Given data.
● ● ● ● ● ● ●

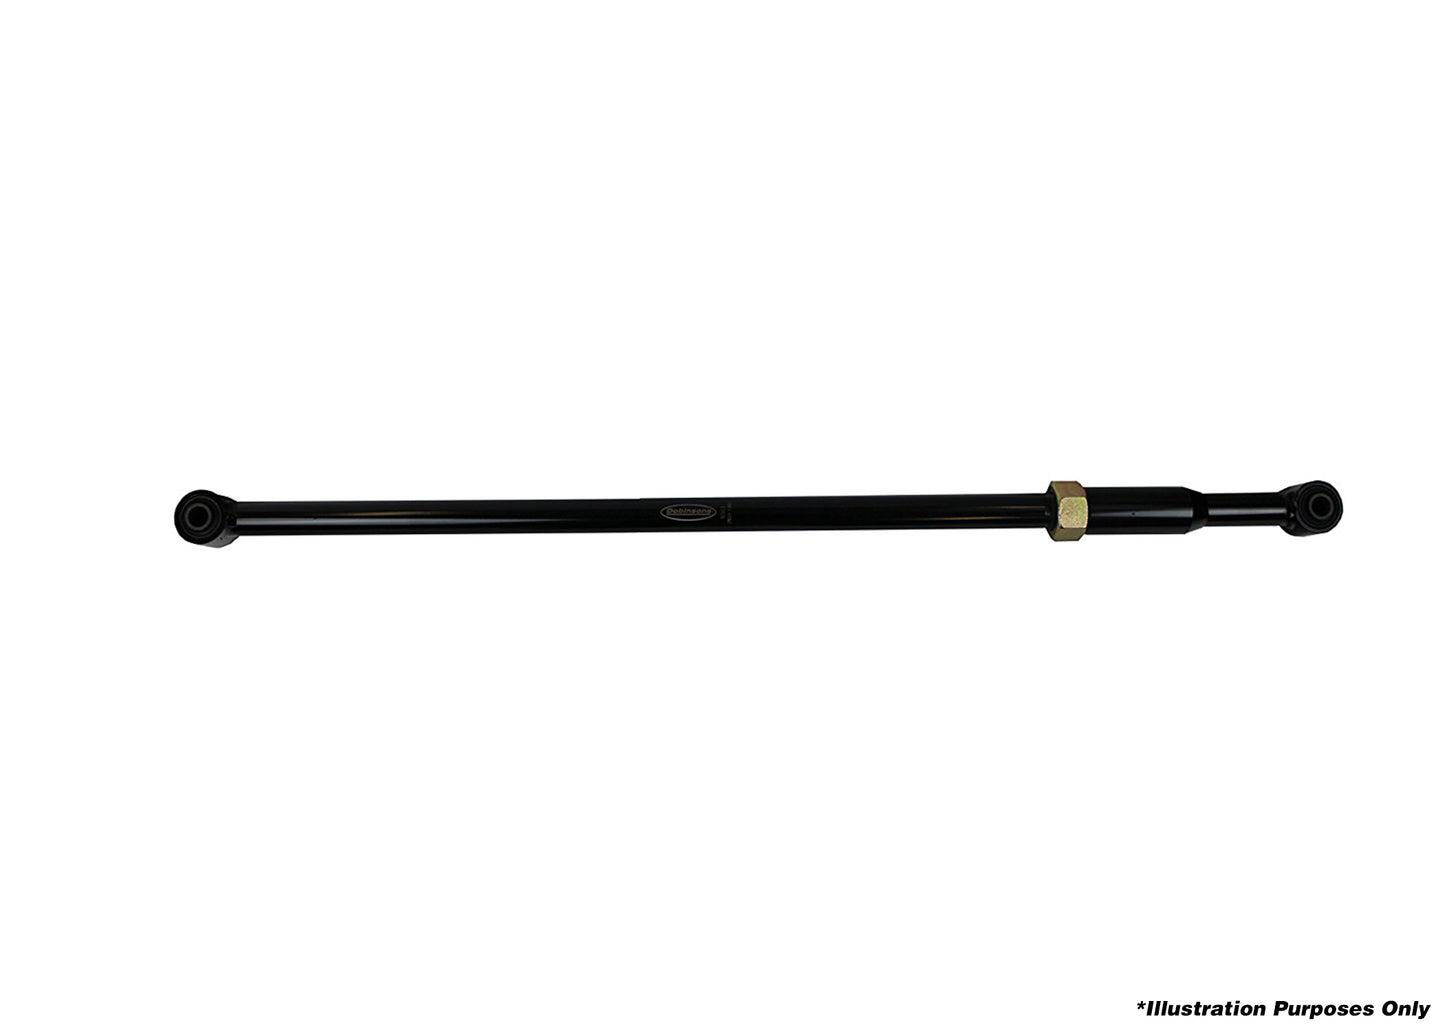 Dobinsons Rear Adjustable Panhard Rod Track Bar for Toyota Land Cruiser 200 Series(PR59-1421) - PR59-1421
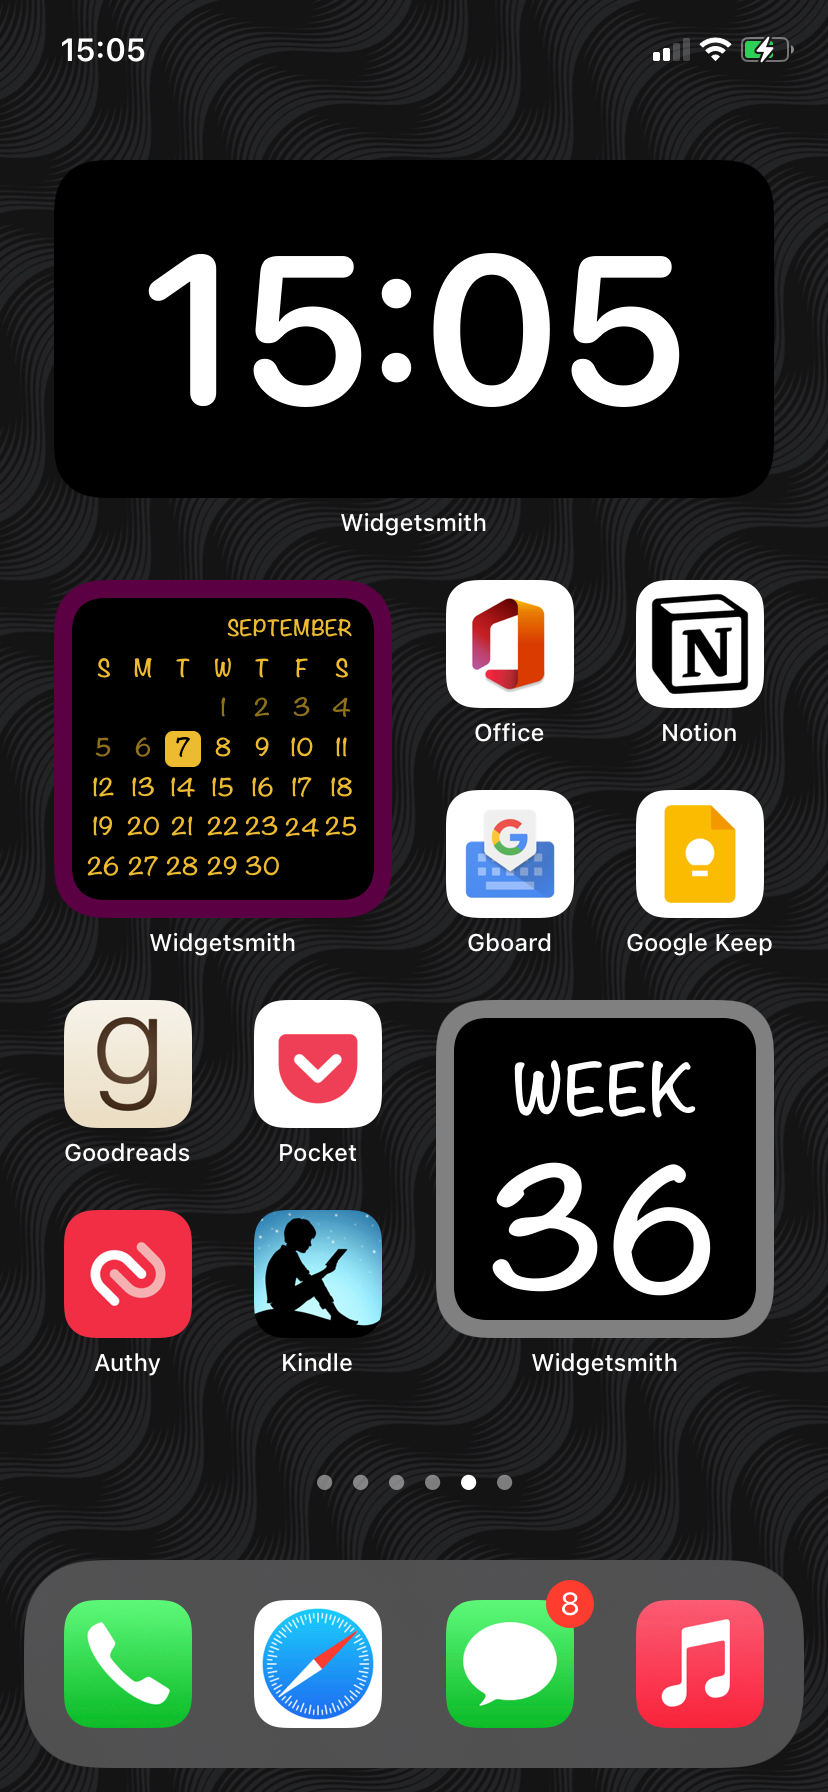 iOS Home screen with custom widgets
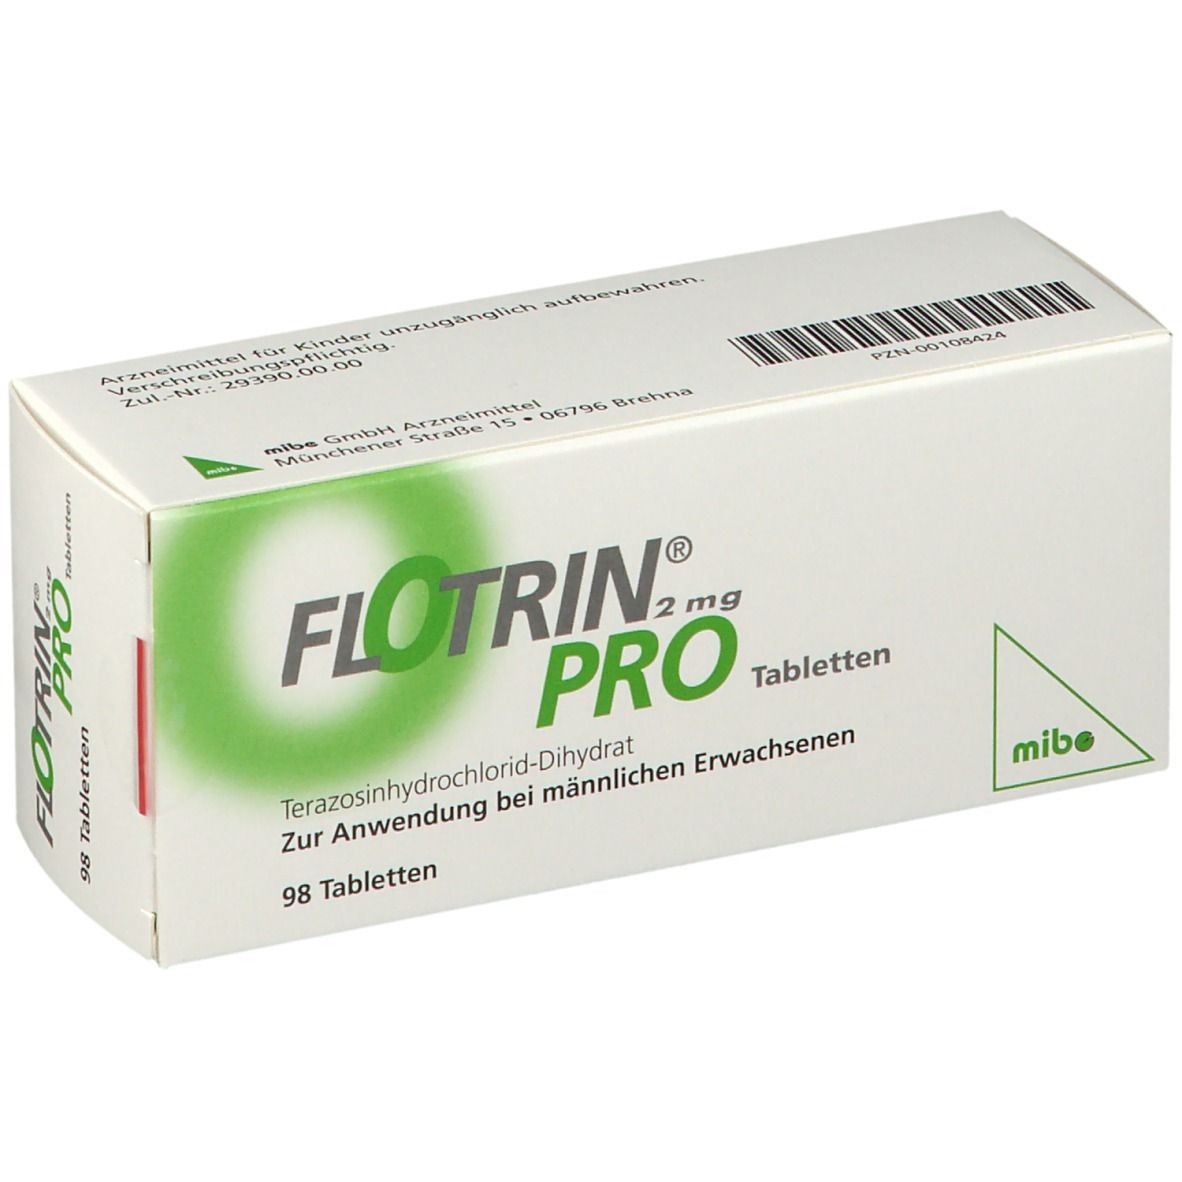 Flotrin 2 mg Pro
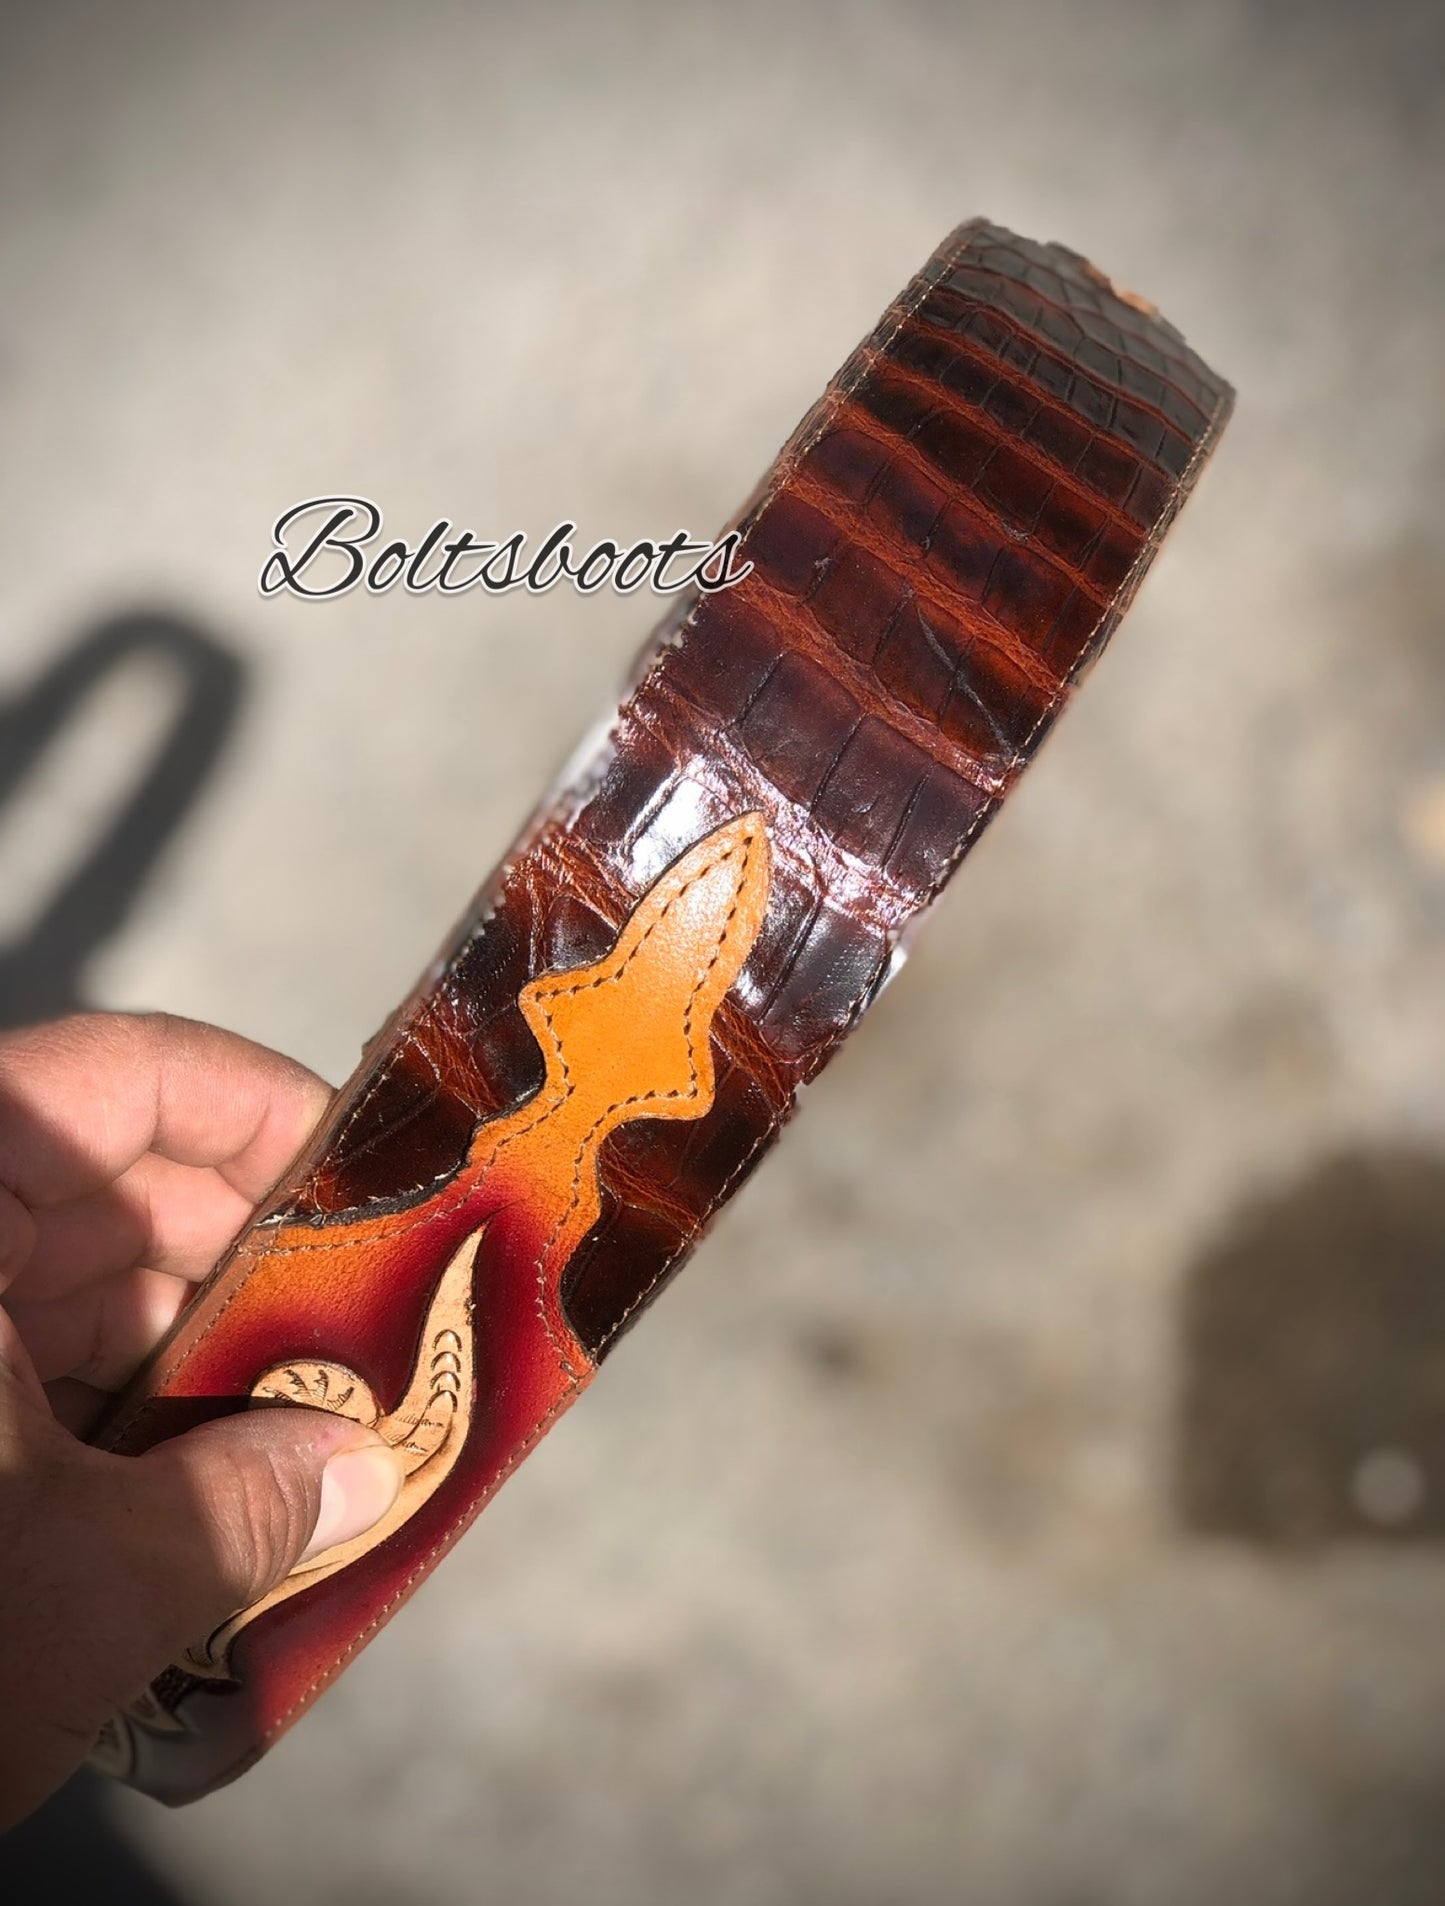 Handtooled BP belt by Boltsbootsbrand
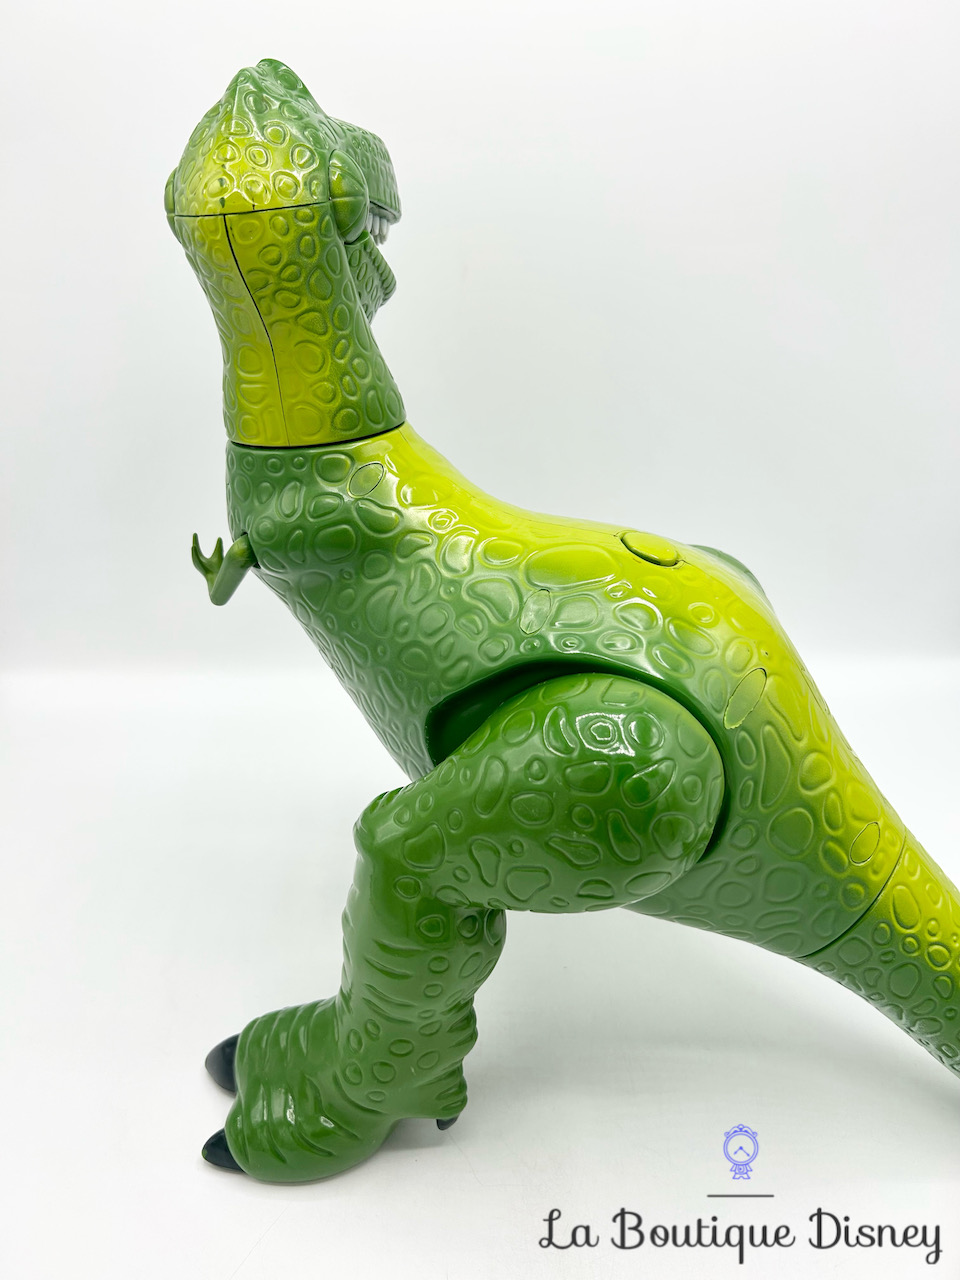 jouet-figurine-rex-parlant-sonore-disney-store-toy-story-dinosaure-vert-interactif-7

● ● ● ● ● ● ●

Work instructions. Please quote exactly the run of lines that starts the entries and ends at the line containing "Handtooled BP belt by Boltsbootsbrand", leaving out every picture.

Reply to the task.
 Dobinsons Rear Adjustable Panhard Rod Track Bar for Toyota Land Cruiser 200 Series(PR59-1421) - PR59-1421
 iOS Home screen with custom widgets
 Flotrin 2 mg Pro
 Handtooled BP belt by Boltsbootsbrand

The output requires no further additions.